Ich würde gerne meinen Pc aufrüsten, sodass ich das Spiel stets flüssig und auf höchster Grafikeinstellung spielen kann. Lieber ein wenig  Überpowert so dass ich  nicht mehr ständig Kompromisse machen muss. 
Mir ist natürlich bewusst das das kein Gaming Laptop ist und es bestimmt geeignetere Windows Pc gibt möchte es aber trotzdem lieber mein Macbook aufrüsten. 

Ich bin sonst mit der Leistung des Macs zufrieden und brauche das mehr an Leistung nur für dieses Spiel. Ich hatte mir überlegt eine externe Grafikkarte mit einem Gehäuse zu kaufen. Aber ich war mir nicht sicher, ob diese überhaupt mein Problem löst. Immerhin wird mir auch eine hohe Cpu Beanspruchung angezeigt.
Deshalb die Frage könnte eine externe Grafikkarte mein Problem lösen? Ich möchte ungerne nach einer Investition merken, dass ich am falschen Ende gespart habe oder sogar in das falsche Teil investiert habe. Deshalb hoffe ich ihr könnt mich dahingehend ein wenig beraten damit ich diese und kommende Sims Versionen hochauflösend ruckelfrei und entspannt spielen kann.  
Vielen Dank und lieben Gruß 
Morlord


----------



## iTzZent (11. Mai 2018)

*AW: Aufrüsten einer Grafikkarte Sinnvoll für Sims 4*

Verkauf das Ding und hole dir ein anderes Mac Book Pro mit dedizierter GPU. z.b. Apple MacBook Pro 15.4", Core i7-7820HQ, 16GB RAM, 512GB SSD, Radeon Pro 560, grau Preisvergleich | Geizhals Deutschland dann hast genug CPU und GPU Leistung. 

Oder du schaust dich auf dem Gebrauchtmarkt nach dem Vorgängermodel mit der Pro 460 um, die ist genauso schnell. Als CPU kommt da denn halt ein Skylake zum Einsatz welcher auch kaum weniger Leistung wie der Kaby Lake hat.

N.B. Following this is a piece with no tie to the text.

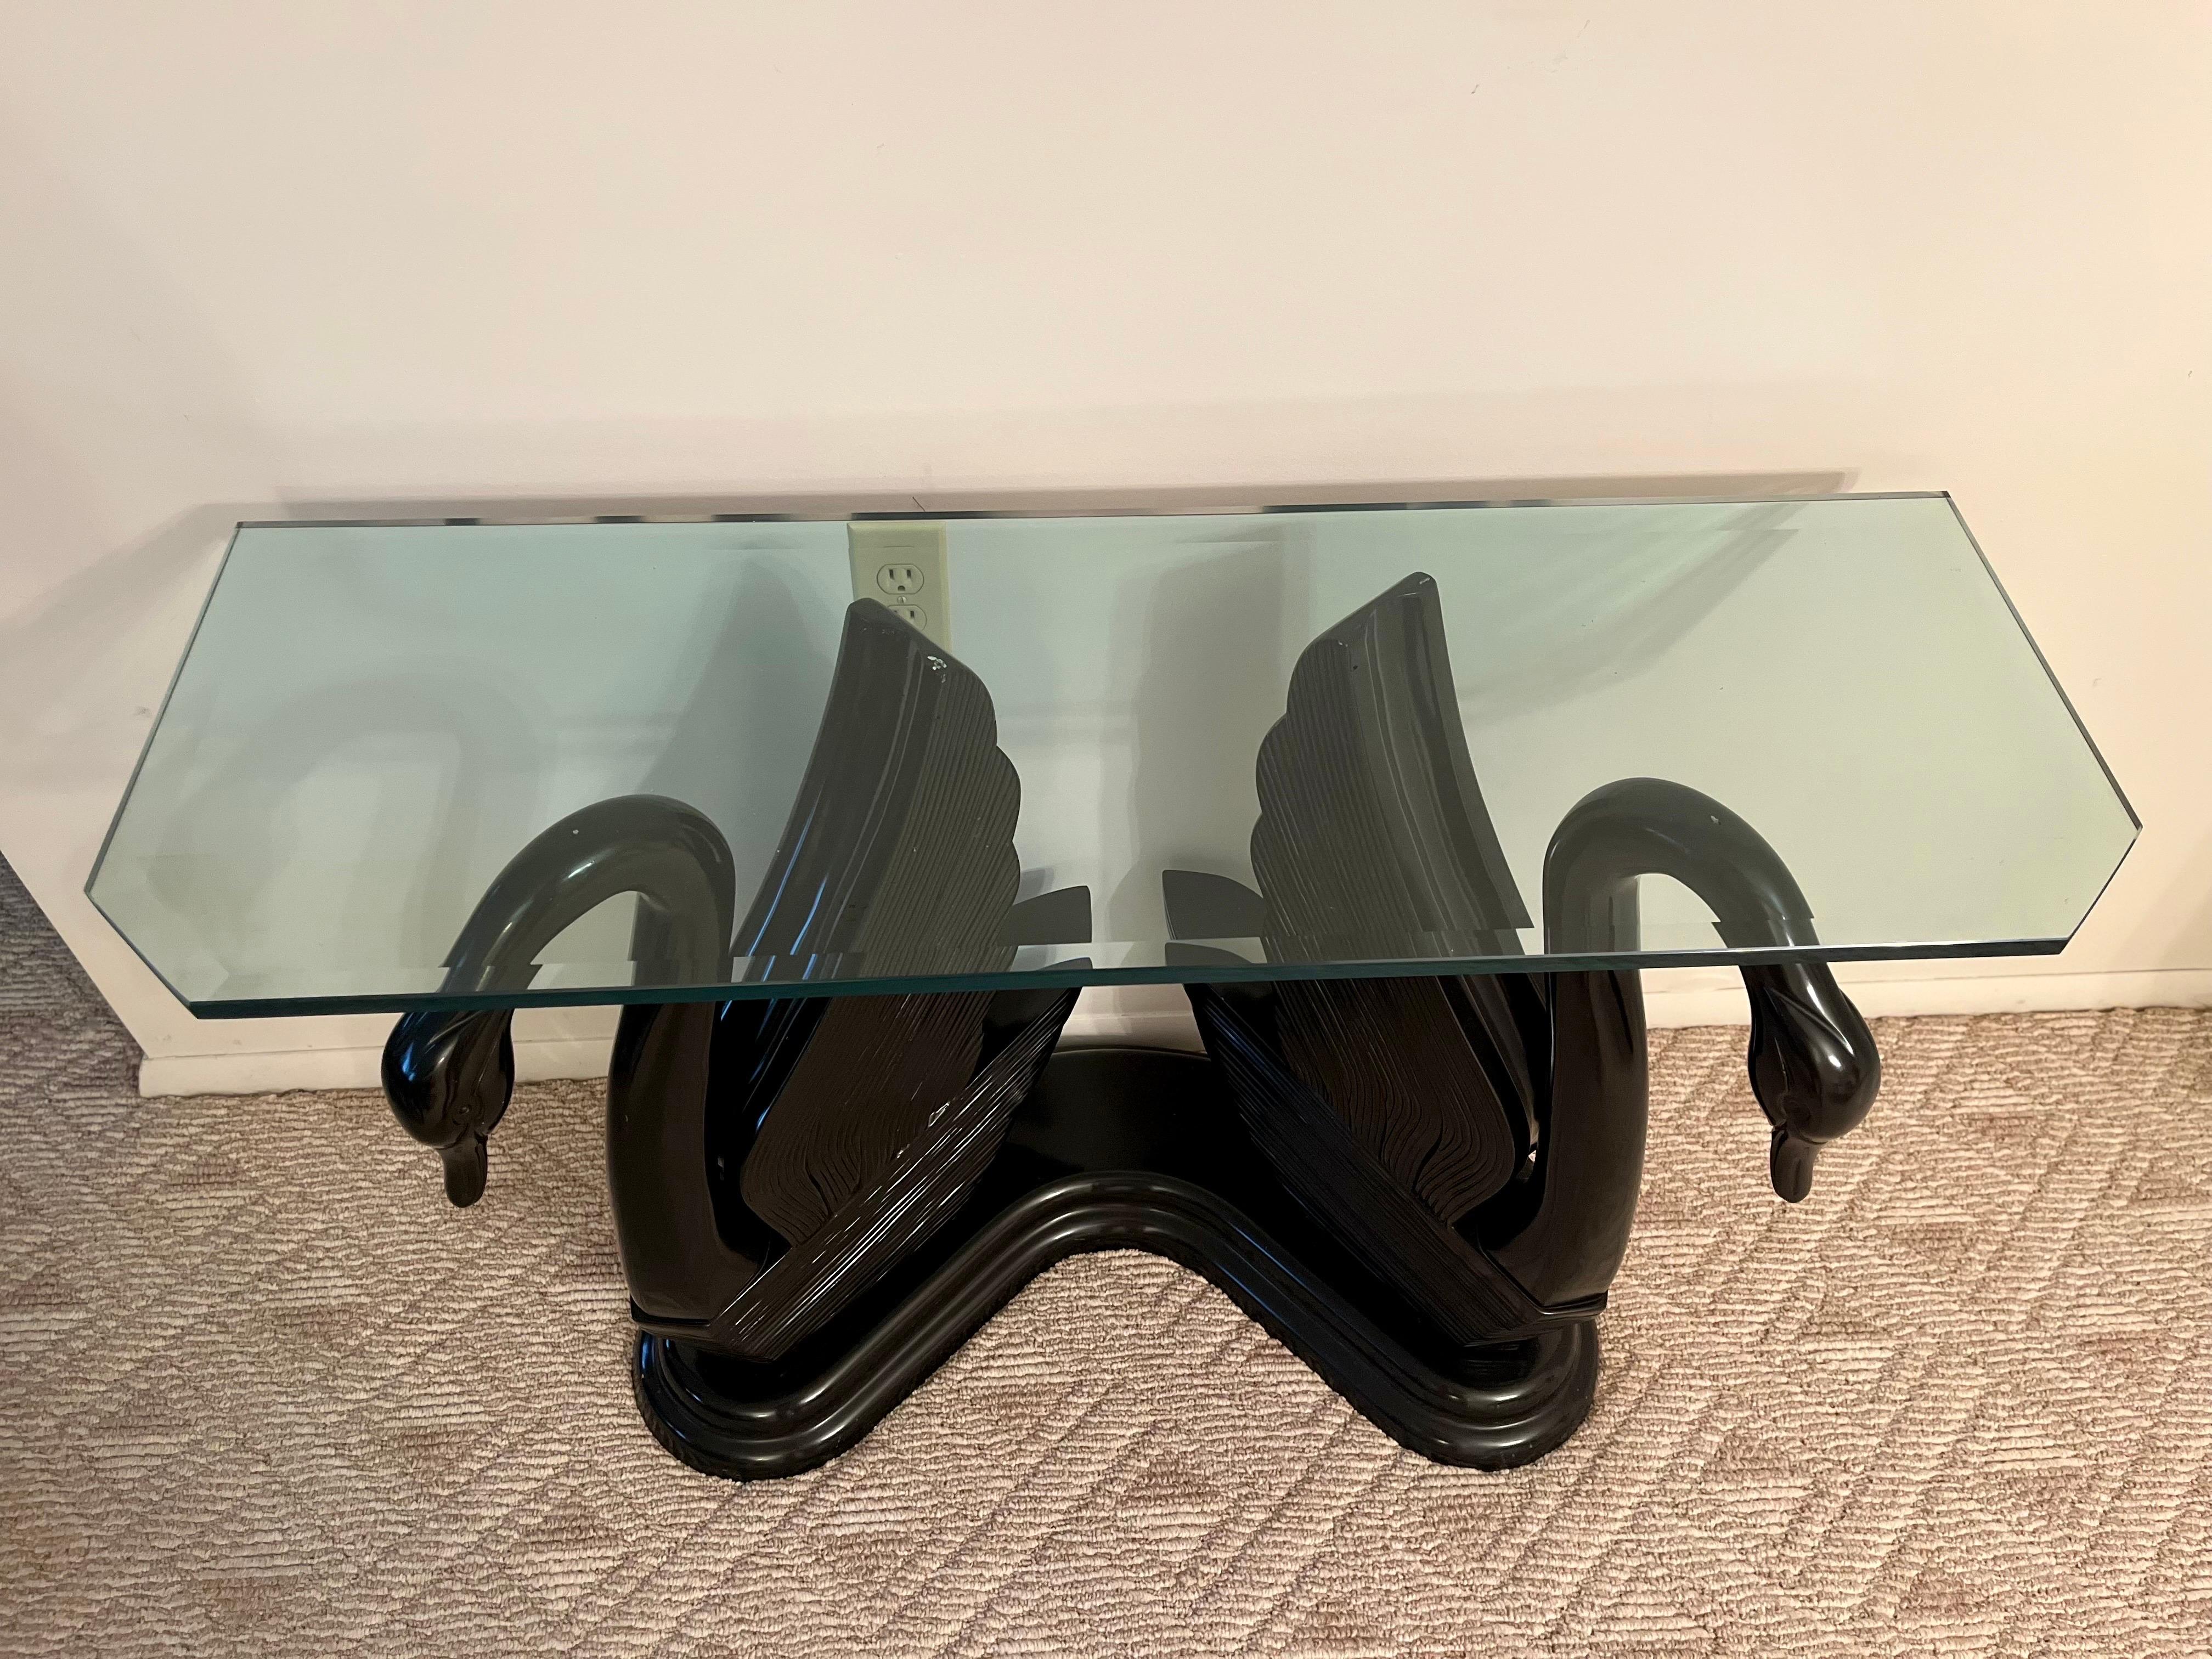 La table console Vintage présente un design sculptural de cygne avec des cygnes opposés fabriqués en résine lourde. Dans le style de la Maison Jansen. Plateau en verre avec bord biseauté. Le verre mesure 45

Alternativ holst du dir ein Thunderbolt 3 Gehäuse und baust dort eine günstige GPU ein... sowas z.B. 
Zotac Amp Box Mini Preisvergleich | Geizhals Deutschland
Zotac GeForce GTX 1050 Ti Mini Preisvergleich | Geizhals Deutschland

Aber dann musst du den Kasten halt immer mit scheppen.


----------



## Morlord (11. Mai 2018)

*AW: Aufrüsten einer Grafikkarte Sinnvoll für Sims 4*

Erstmal vielen Dank für deine Antwort. Ja das 15 Zoll wäre wahrscheinlich wirklich besser gewesen, aber wenn ich meinen jetzt verkaufe krieg ich dafür ja nicht viel. Somit wäre ein Upgrade echt ziemlich teuer für mich. Die zweite Lösung passt aber ziemlich gut, ich brauch die Leistung eh nicht unterwegs. Das stört mich daher garnicht. Jetzt ist nur noch die Frage was ich realistisch erwarten kann wenn ich das kaufe und anschließe. Wie viel besser ist die neue Grafikkarte, kann ich dann auch auf Grafikeinstellungen Ultra flüssig spielen und kann ich auch schnellere Ladezeiten erwarten?


----------



## iTzZent (12. Mai 2018)

*AW: Aufrüsten einer Grafikkarte Sinnvoll für Sims 4*

Test Aorus GTX 1080 Gaming Box - Notebookcheck.com Tests

Das ist ein Test von einer eGPU Thunderbolt 3 Grafikkarte. Das sollte dich vielleicht interessieren.

Je mehr Geld du für die Grafikkarte ausgeben kannst, desto mehr Leistung liegt natürlich an. Die Ladezeiten ändern sich natürlich nicht, wenn du eine andere Grafikkarte verwendest.


----------



## ich558 (23. Mai 2018)

*AW: Aufrüsten einer Grafikkarte Sinnvoll für Sims 4*

Wie wäres mit Auflösung verringern? Retina und Intel Iris klappt einfach nicht...


----------